One of the biases explored by Caliskan et al. (2017) was gender bias, which was examined through the associations that the model formed to male versus female personal names. Gender biases are common in many aspects of modern life. For example, males receive higher wages (Kilbourne, England, Farkas, Beron, & Weir, 1994), receive more support as students (Steele, 1997), and receive higher peer-reviewed scores on academic applications (Wennerås & Wold, 1997), to name just a few common differences. The accumulation of such biases likely results in a myriad of prejudices against females, leading to, for instance, the lack of female advancement in academia (Barres, 2006).

Although Caliskan et al. (2017) focused on the meaning and valence associated with personal names, here we will focus on the word frequencies of male versus female names. Word frequency has ubiquitous effects on the human language and memory systems, with high-frequency words being retrieved more easily and identified faster (Forster & Chambers, 1973; Morton, 1969; Scarborough, Cortese, & Scarborough, 1977) and recalled at a greater rate (Gregg, 1976), and with word frequency being a main information source used in decision making (Tversky & Kahneman, 1973). Frequency and related derived variables are central to modern theories of lexical organization (e.g., Adelman, Brown, & Quesada, 2006; Brysbaert et al., 2018; Jones et al., 2017; Jones, Johns, & Recchia, 2012). Thus, systematic discrepancies in frequency distributions could have considerable consequences for the lexical organization of words—in the case of this study, personal names.

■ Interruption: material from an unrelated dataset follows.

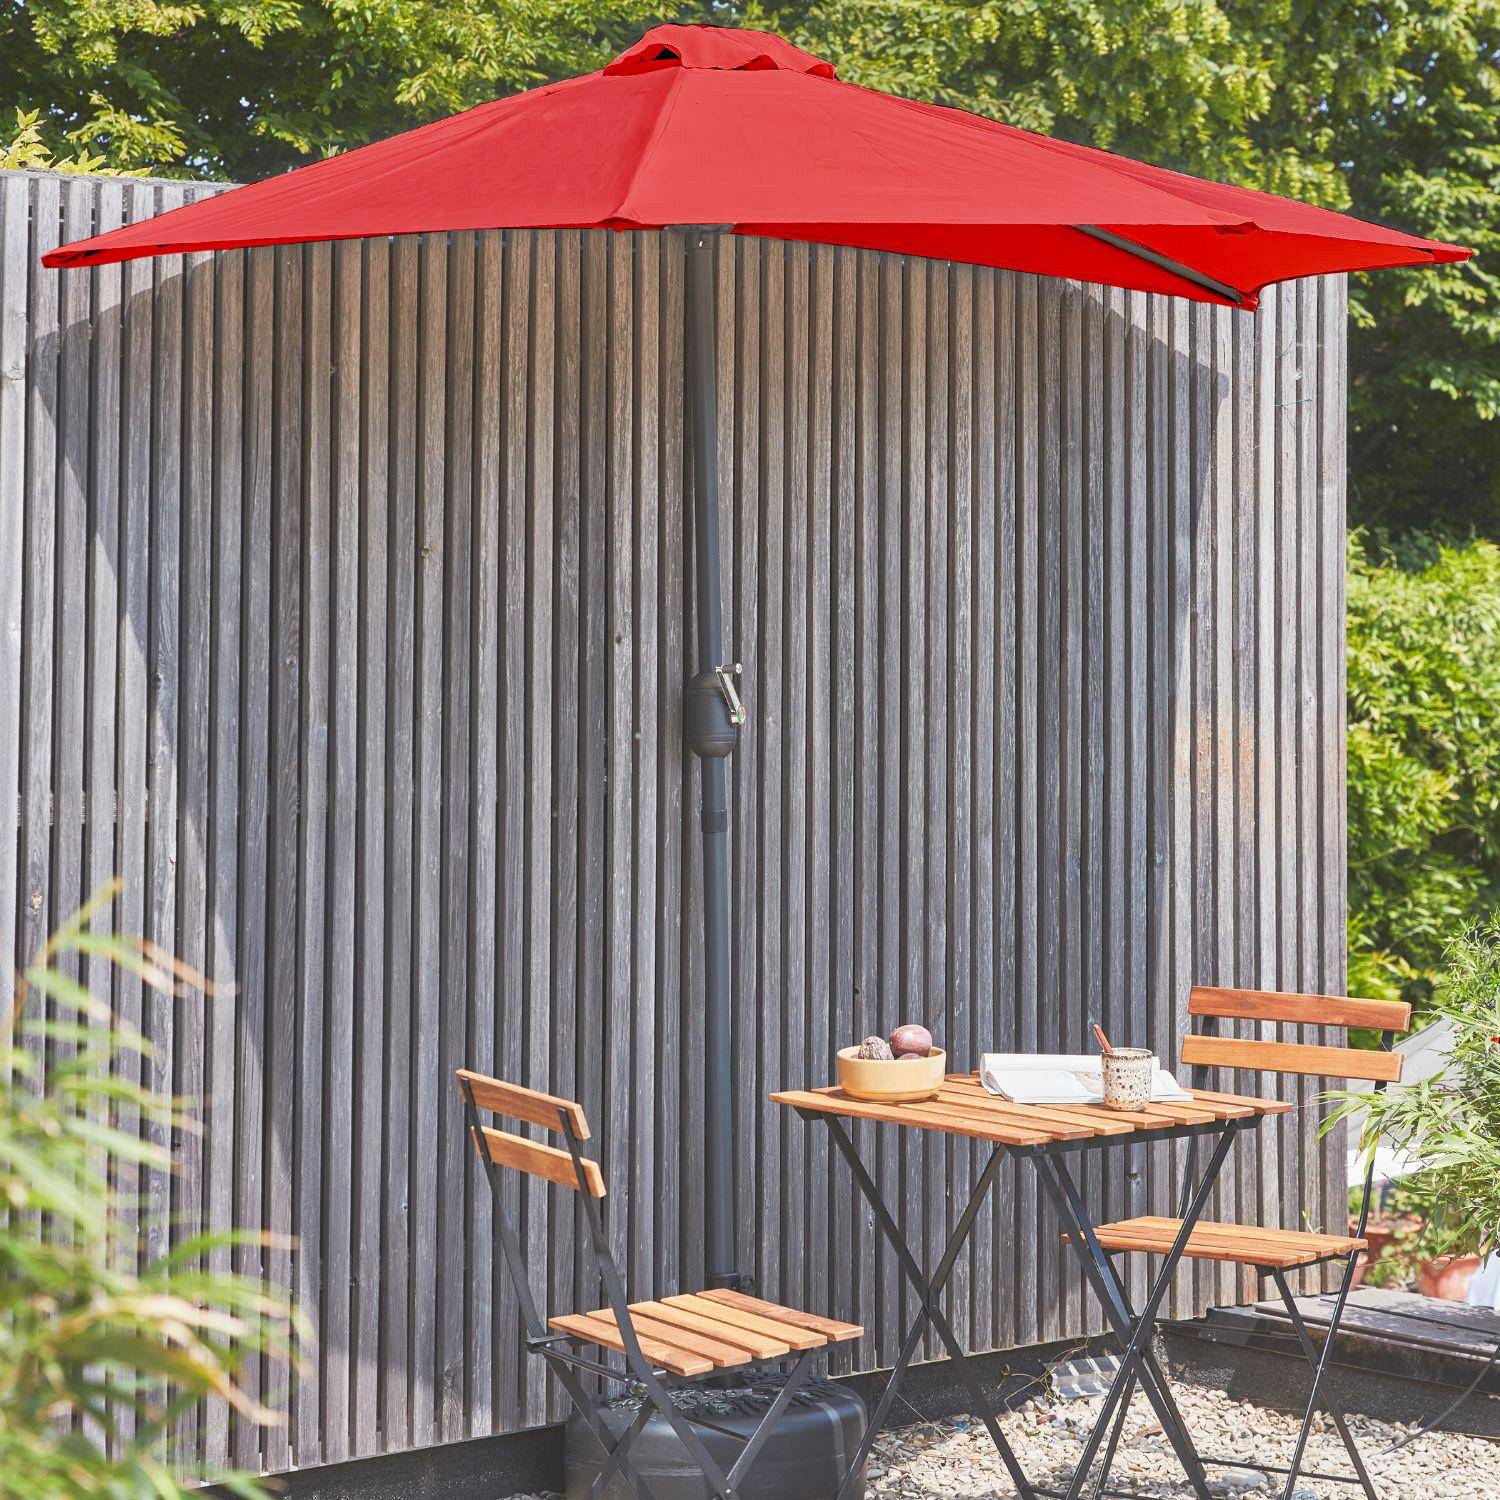  Parasol para balcón Ø250cm  – CALVI – Pequeño parasol recto, mástil en aluminio con manivela, tela color rojo Photo1

However, to determine whether there is a bias in the natural-language environment for personal names, it is first necessary to determine what the actual prevalences of those names are in the real world. Luckily, the Social Security Administration of the US government recently released a database of personal names from 1880 onward (this data source will subsequently be referred to as the SSA data).Footnote 1 This database has a total of approximately 330 million names, organized by date of birth, frequency, and gender.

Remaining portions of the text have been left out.